* [How to complete this task]: The entries below contain pictures. Write out only the lines from the line with "111011-N-GO179-001 JACKSONVILLE, Fla." up to and including the line with "Iain Glen, who", exactly, without them.

*** Data to process ***

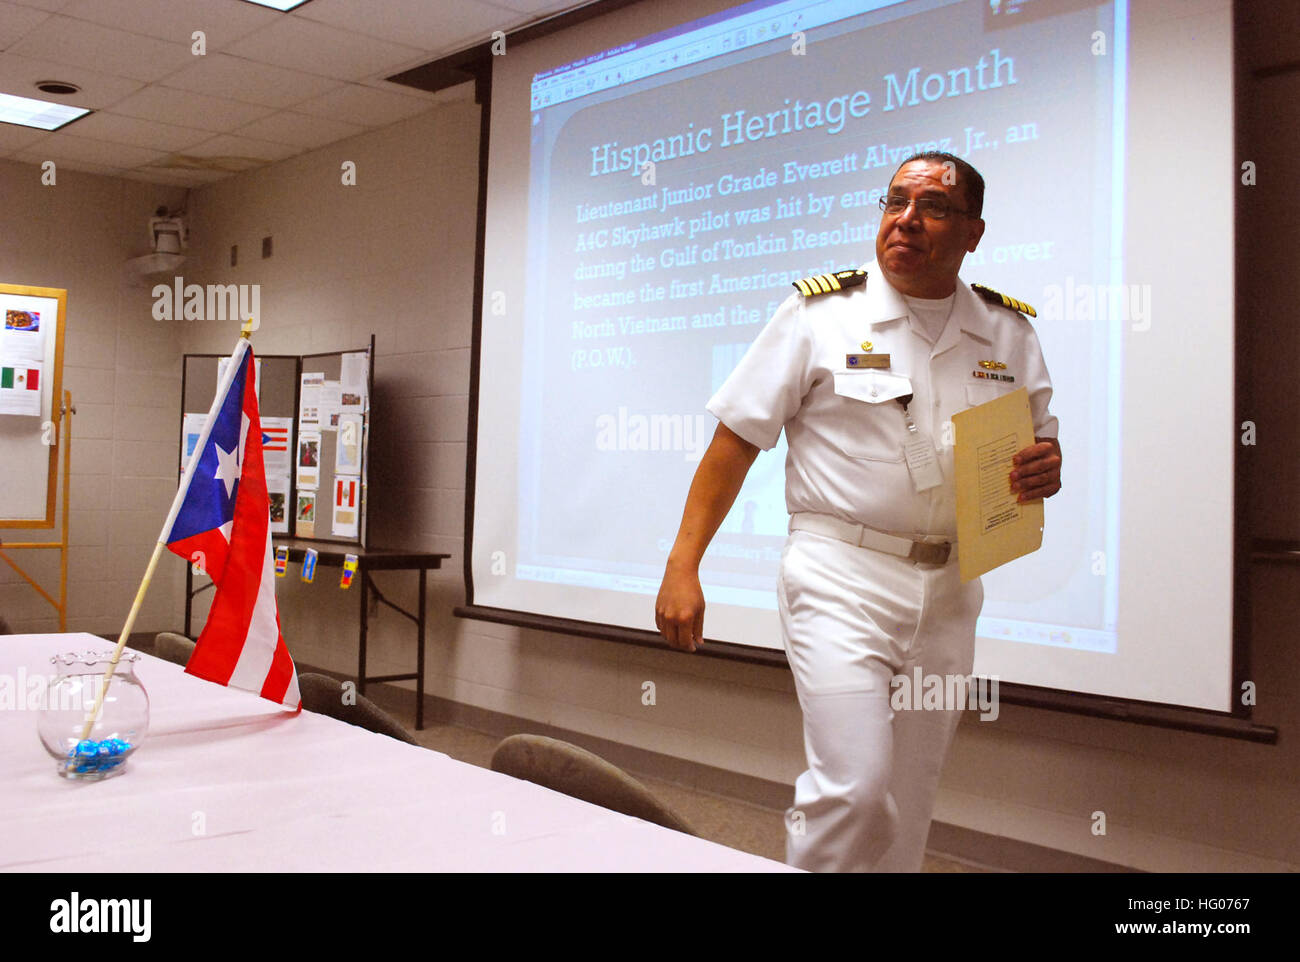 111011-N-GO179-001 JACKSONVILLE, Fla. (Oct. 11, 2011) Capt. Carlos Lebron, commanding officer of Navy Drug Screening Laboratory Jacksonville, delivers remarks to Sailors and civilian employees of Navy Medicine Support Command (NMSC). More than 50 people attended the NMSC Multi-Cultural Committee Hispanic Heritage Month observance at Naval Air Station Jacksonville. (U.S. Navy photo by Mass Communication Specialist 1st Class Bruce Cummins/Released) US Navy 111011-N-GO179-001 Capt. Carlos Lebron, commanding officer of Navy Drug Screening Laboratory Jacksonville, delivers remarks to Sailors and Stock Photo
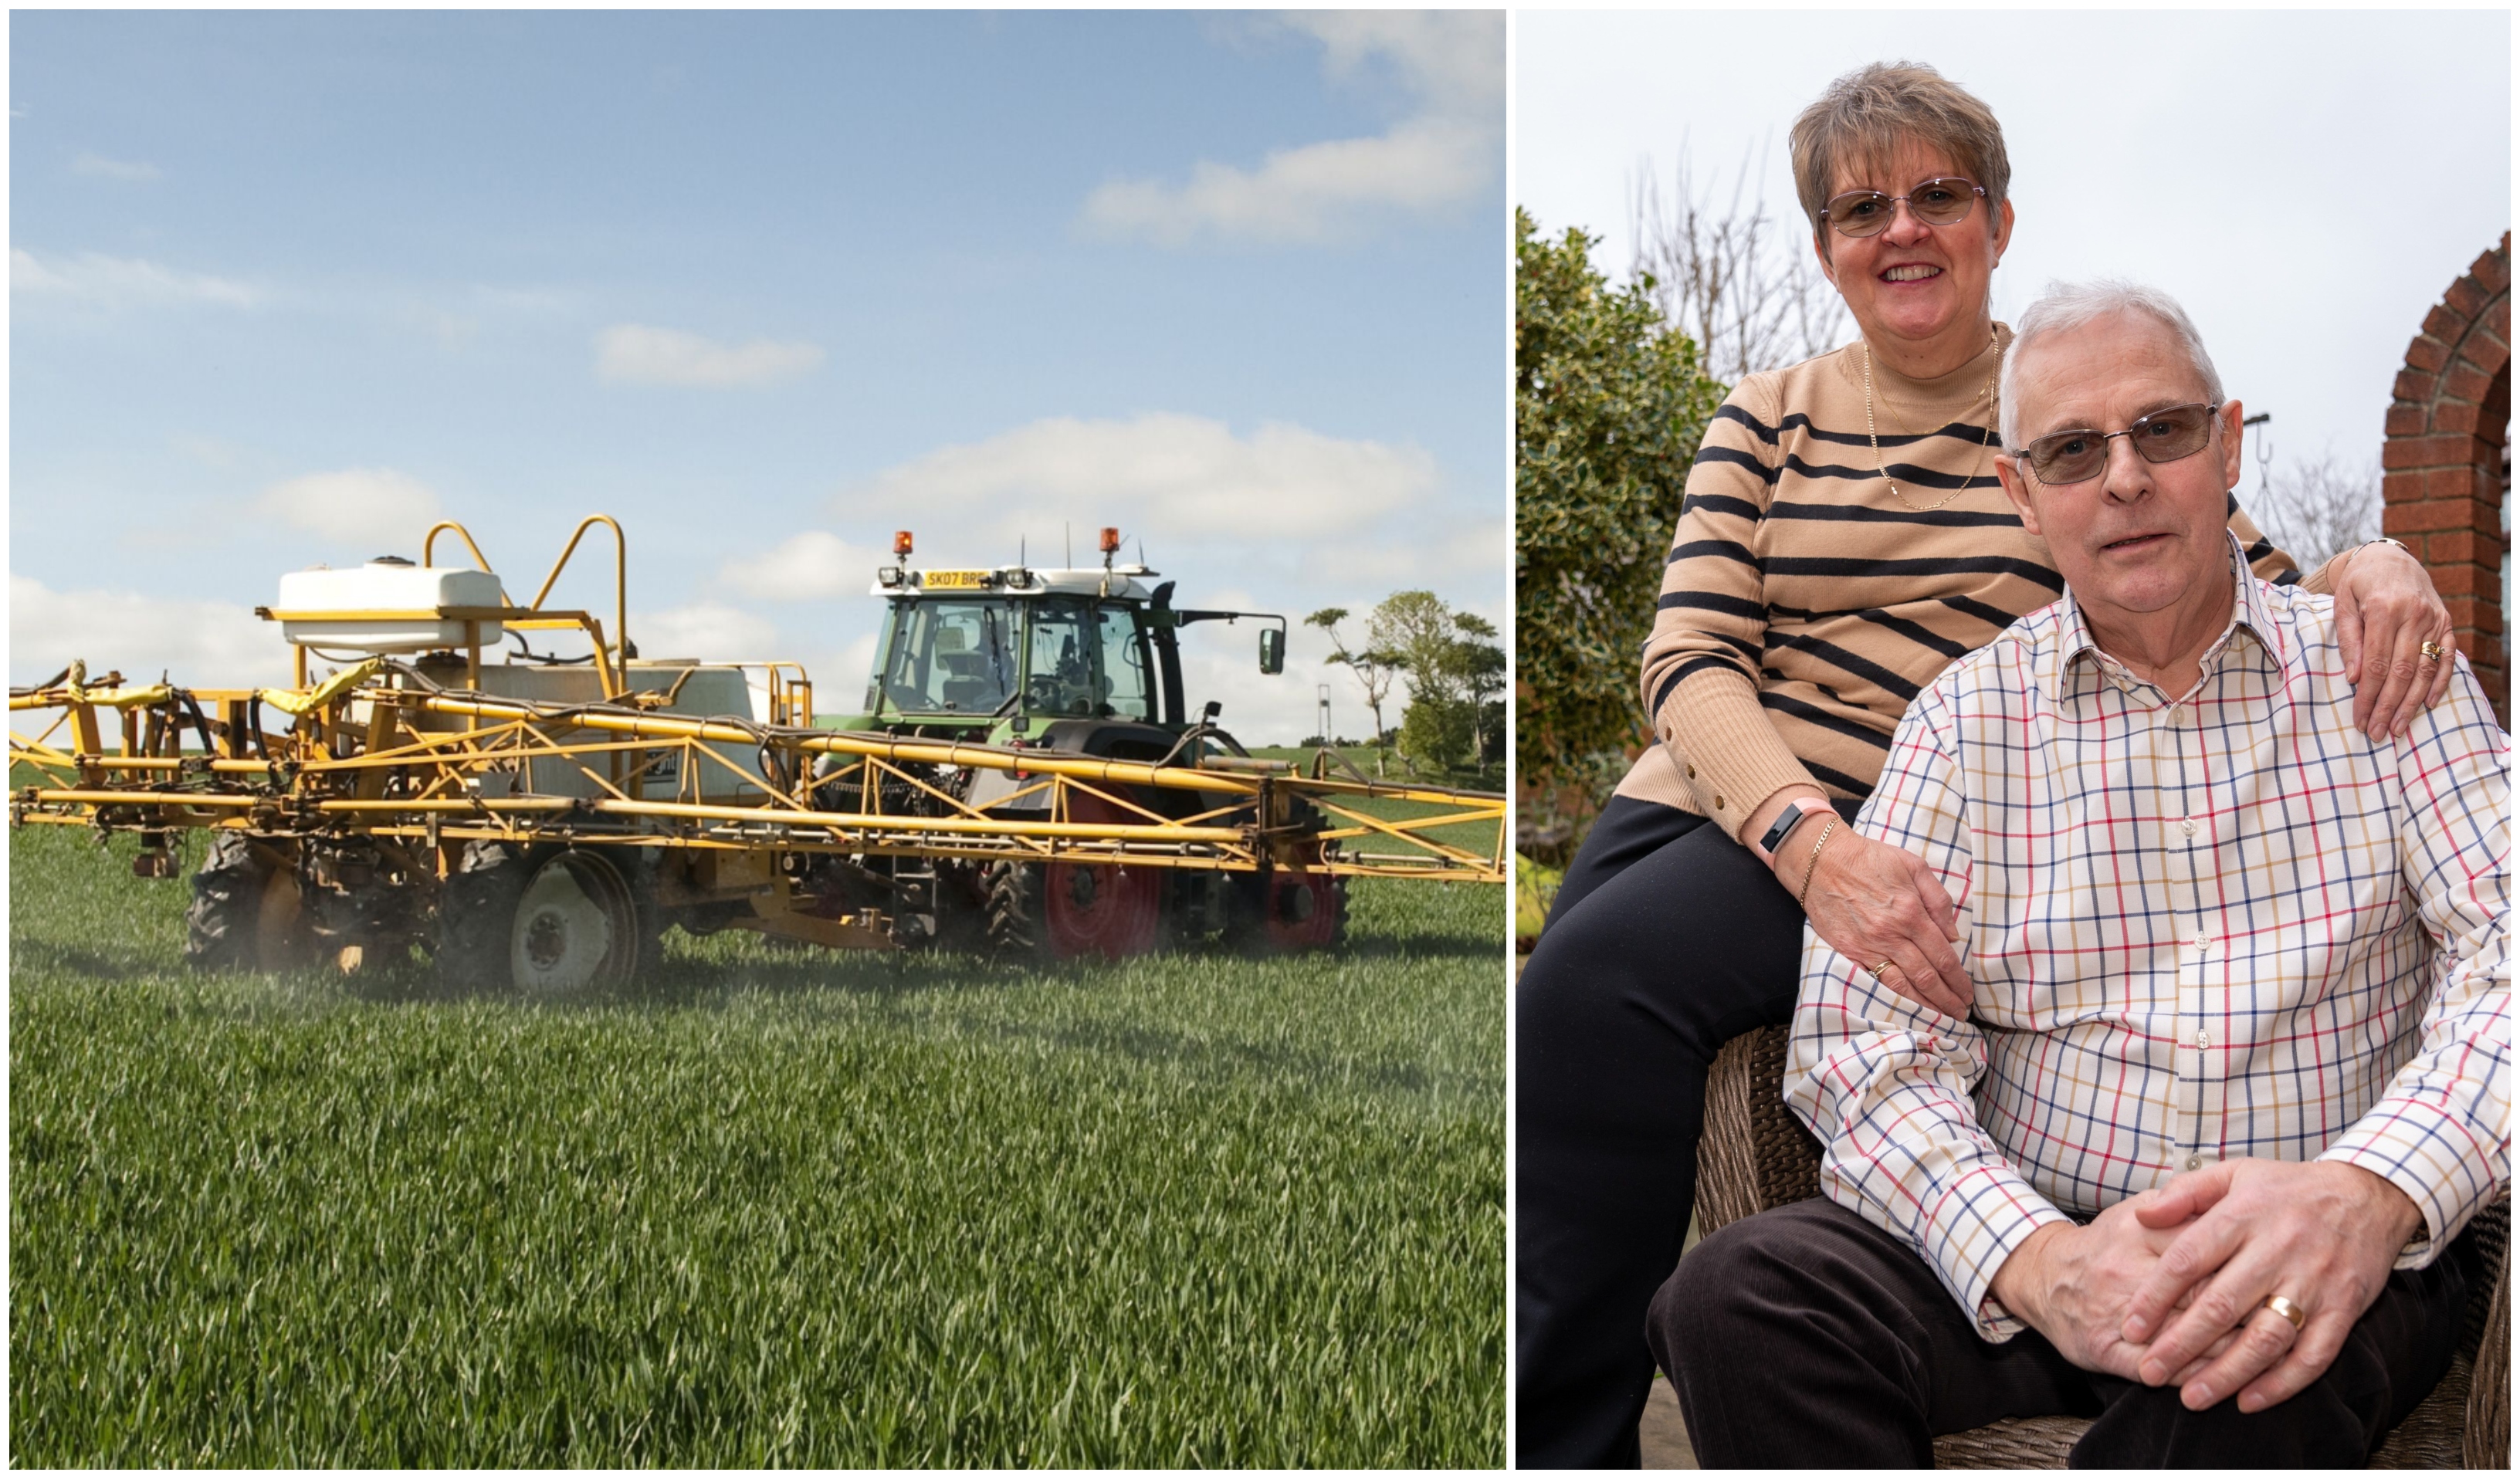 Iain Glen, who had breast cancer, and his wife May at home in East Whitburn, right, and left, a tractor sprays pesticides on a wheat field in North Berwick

*** End of Data to process ***
*** Data to process ***

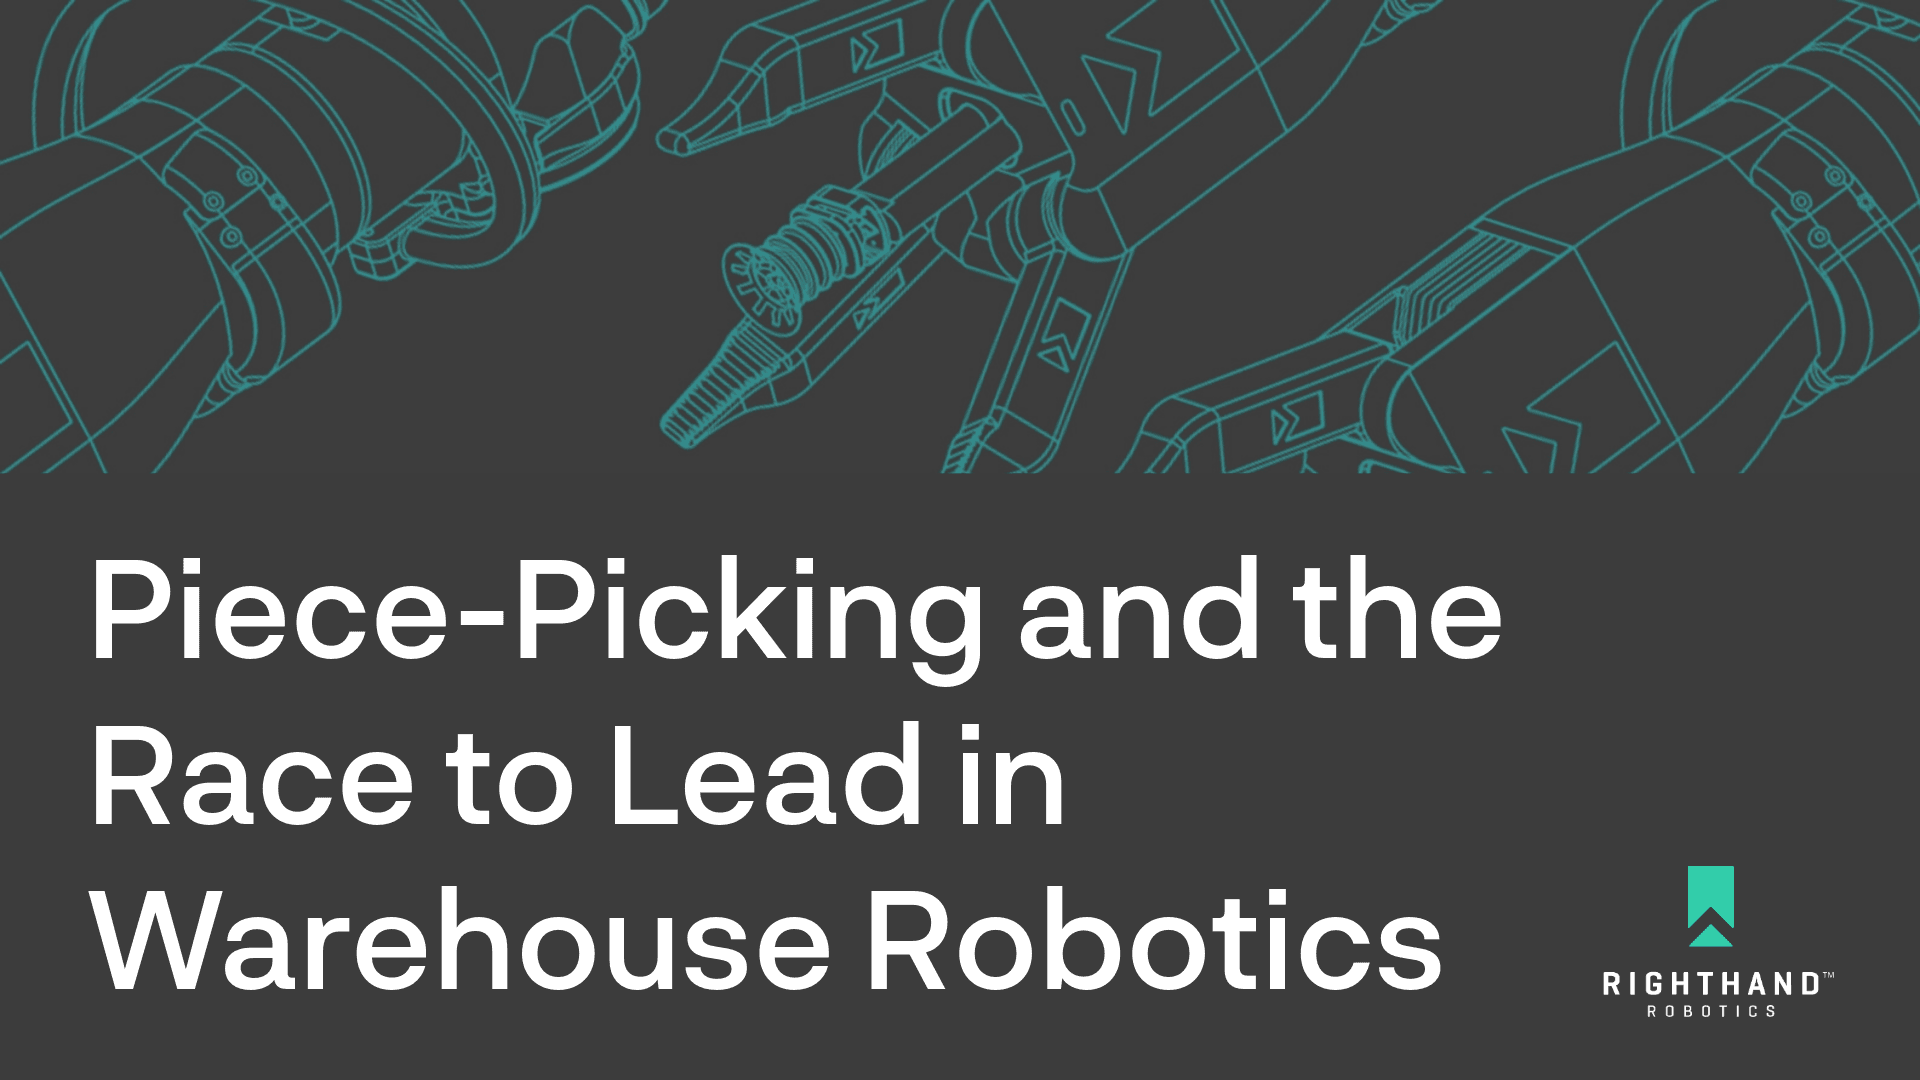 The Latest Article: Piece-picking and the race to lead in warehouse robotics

*** End of Data to process ***

* [Solution to the exercise]:
 111011-N-GO179-001 JACKSONVILLE, Fla. (Oct. 11, 2011) Capt. Carlos Lebron, commanding officer of Navy Drug Screening Laboratory Jacksonville, delivers remarks to Sailors and civilian employees of Navy Medicine Support Command (NMSC). More than 50 people attended the NMSC Multi-Cultural Committee Hispanic Heritage Month observance at Naval Air Station Jacksonville. (U.S. Navy photo by Mass Communication Specialist 1st Class Bruce Cummins/Released) US Navy 111011-N-GO179-001 Capt. Carlos Lebron, commanding officer of Navy Drug Screening Laboratory Jacksonville, delivers remarks to Sailors and Stock Photo
 Iain Glen, who had breast cancer, and his wife May at home in East Whitburn, right, and left, a tractor sprays pesticides on a wheat field in North Berwick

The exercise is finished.